The typical scenario of TiDB is like this: for example, when people want to do sub-database sub-table, there is no need to bother with TiDB; For example, if we need complex workload, for example, OLTP + OLAP coexist in the system at the same time. Usually when you use a database, you will consider whether it is OLAP or OLTP, but for the user, you don’t want the database people to educate him what OLAP and OLTP is, SQL can run fast enough, as simple as possible. Other users, such as those in Japan and the US, migrate from Amazon Aurora to TiDB and struggle to run when it reaches tens of tons.

What is PingCAP? You probably know TiDB, not PingCAP. In fact, TiDB was developed by PingCAP.

So what is CNCF? CNCF stands for Cloud Native Computing Foundation. Maybe many people know K8s but not CNCF, just as TiDB knows PingCAP is the same, Kubernetes is the hottest project under CNCF. At present, PingCAP ranks sixth globally in all code contributions of CNCF, huawei is the seventh below us, and there are only two Chinese companies in the top eight.

Next, we will use TiDB as an example to demonstrate the use of Chaos Mesh.
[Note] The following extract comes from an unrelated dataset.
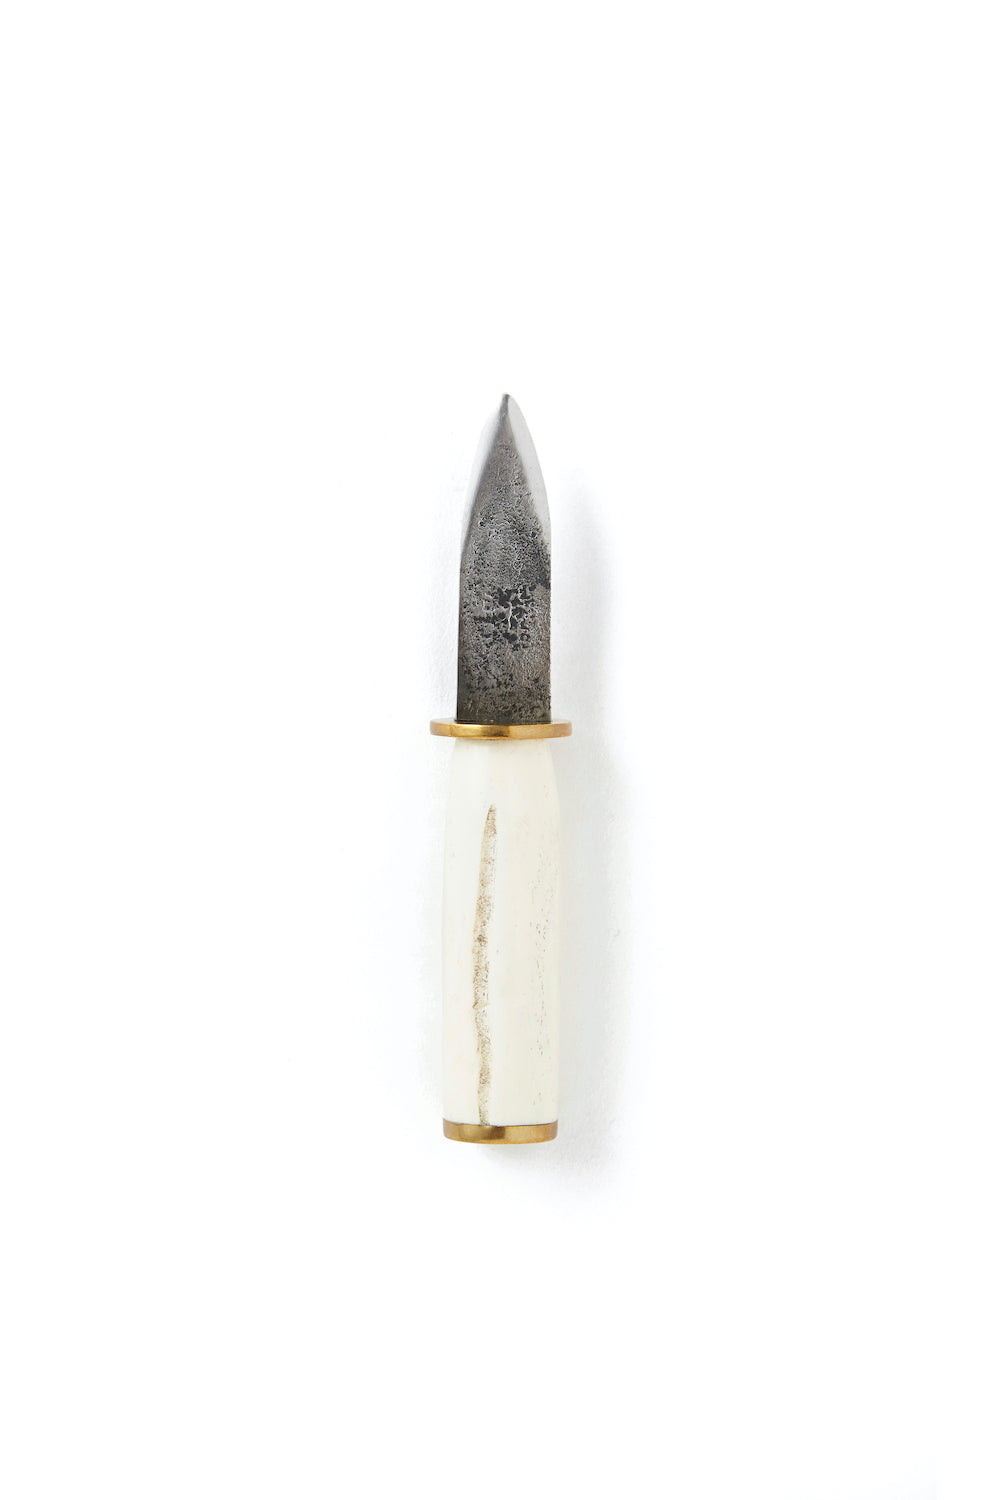 POGLIA - OYSTER KNIFE (BONE/BRASS)

First, we need to focus on the structure of TiDB. Below is the structure of TiDB. Why is the structure of TiDB mentioned?

As shown, TiDB is roughly divided into two layers:

  • The computing layer is commonly known as the SQL layer.
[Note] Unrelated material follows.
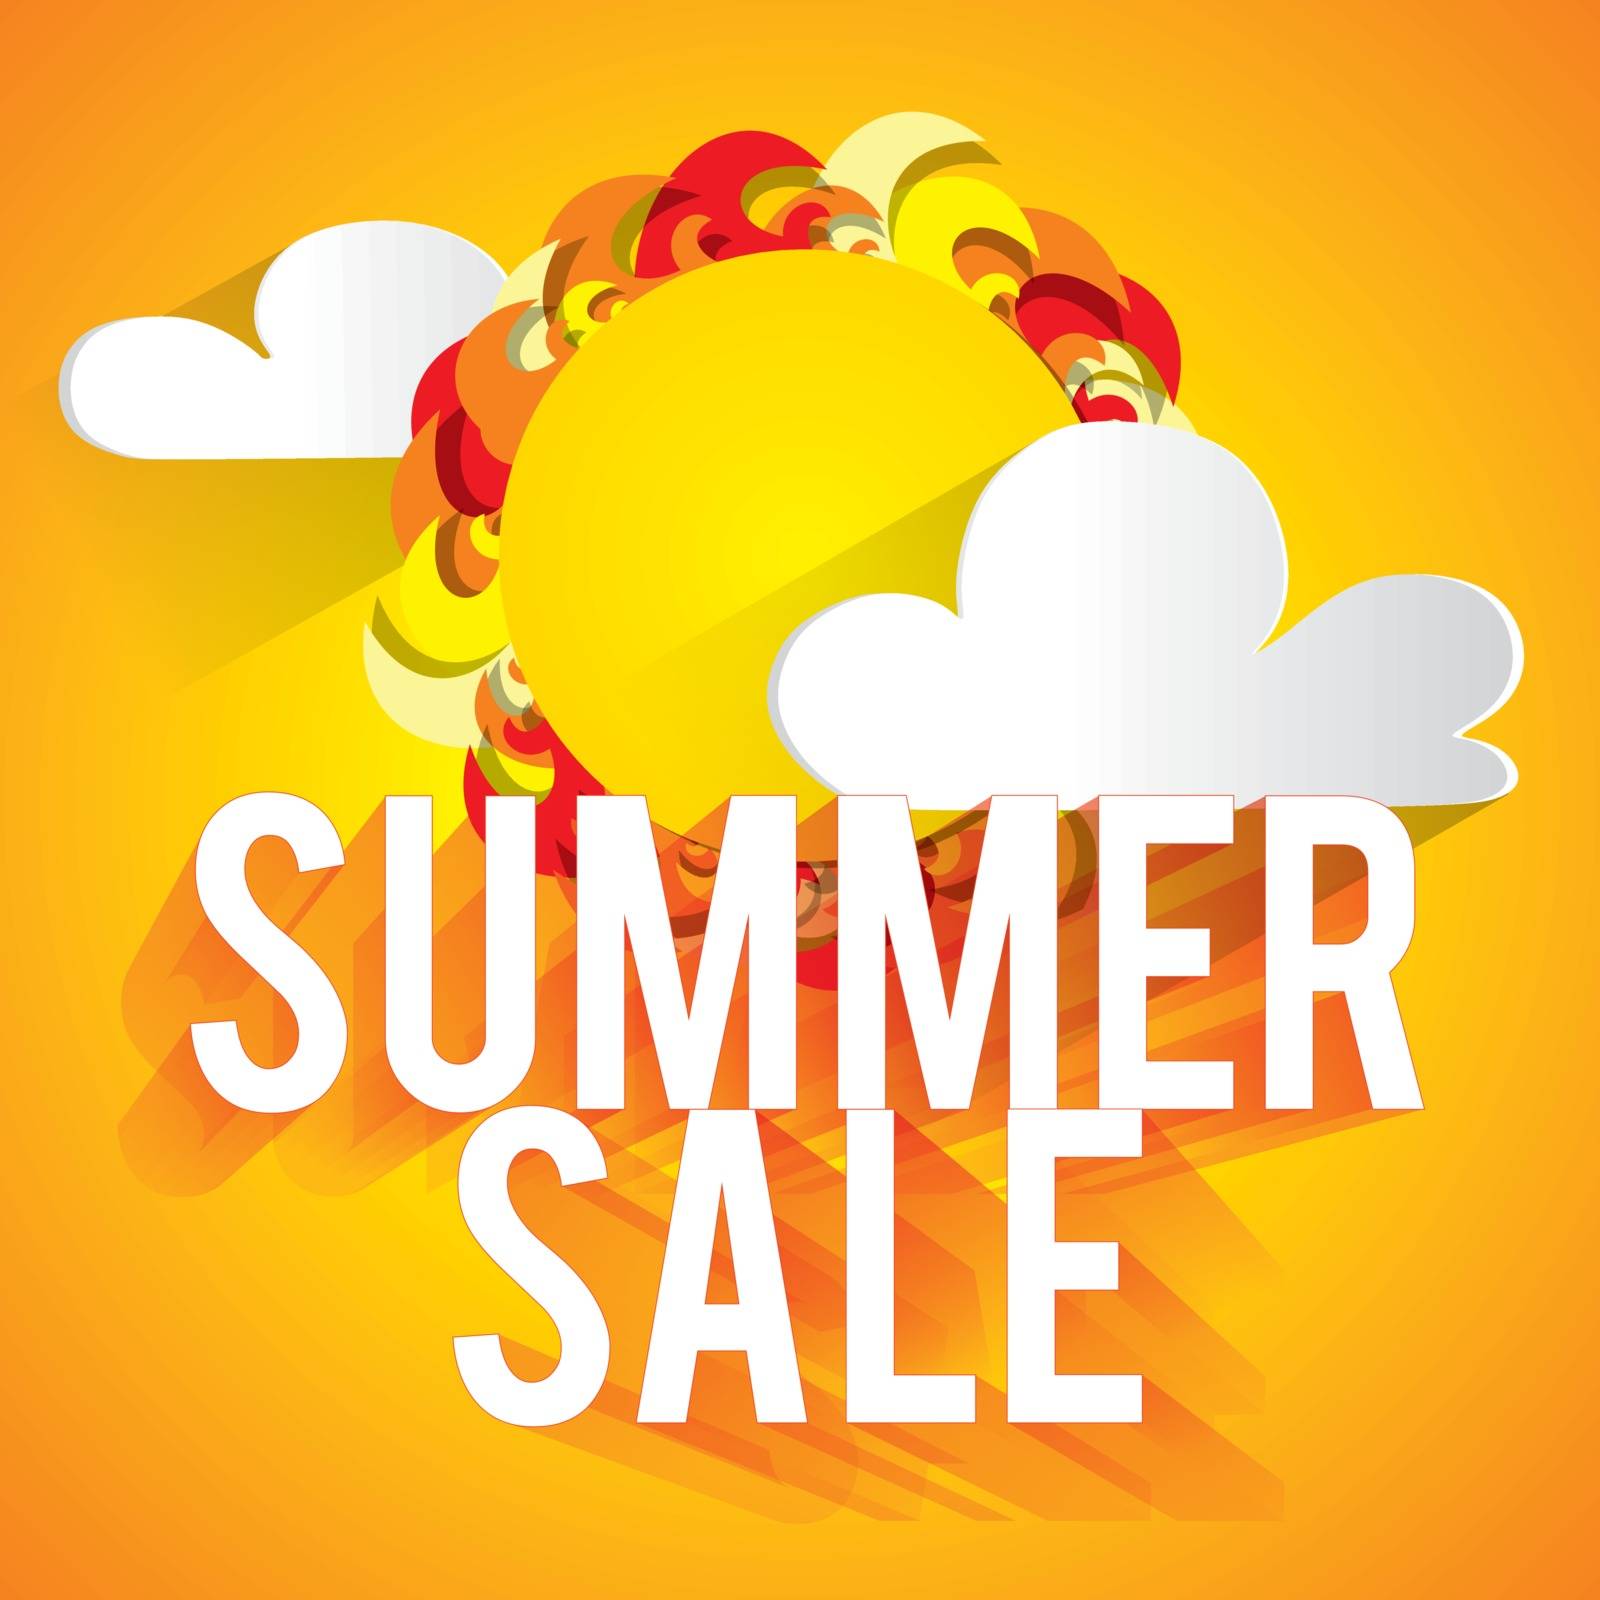 Summer sale by kartyl

  • The storage layer includes a TiKV that supports the row memory model and a TiFlash that supports the column memory model.

In addition, there is a scheduler PD, responsible for global control of the entire system.

I didn’t know it was so hard when I was in the pit, but I didn’t know why it was so hard until later. After I finished, you might think it was even harder. Over the years, we have encountered compiler bugs, operating system bugs, file system bugs, and also been poked into data loss. Fortunately, we have finally fixed it. Maybe these problems we usually encounter relatively less, but here we have encountered, we also encountered a batch of disk hardware drivers purchased by a cloud storage manufacturer problems, write in the data and read out of the data is not the same part. I don’t know if any of you have encountered these magic phenomena, but as a database vendor, we have.

This is a GitHub page. You’ve probably seen it before. It’s up a couple of times a year, if you’re lucky. What does this picture tell us? What it tells us is that you might as well refresh. When he says this, it means he is anticipating and dealing with the situation. Does our system have the same mechanism? For example, there is a problem, in the user side roughly how to operate, you can recover. But recently GitHub went down again, and this time it seemed to take hours to recover.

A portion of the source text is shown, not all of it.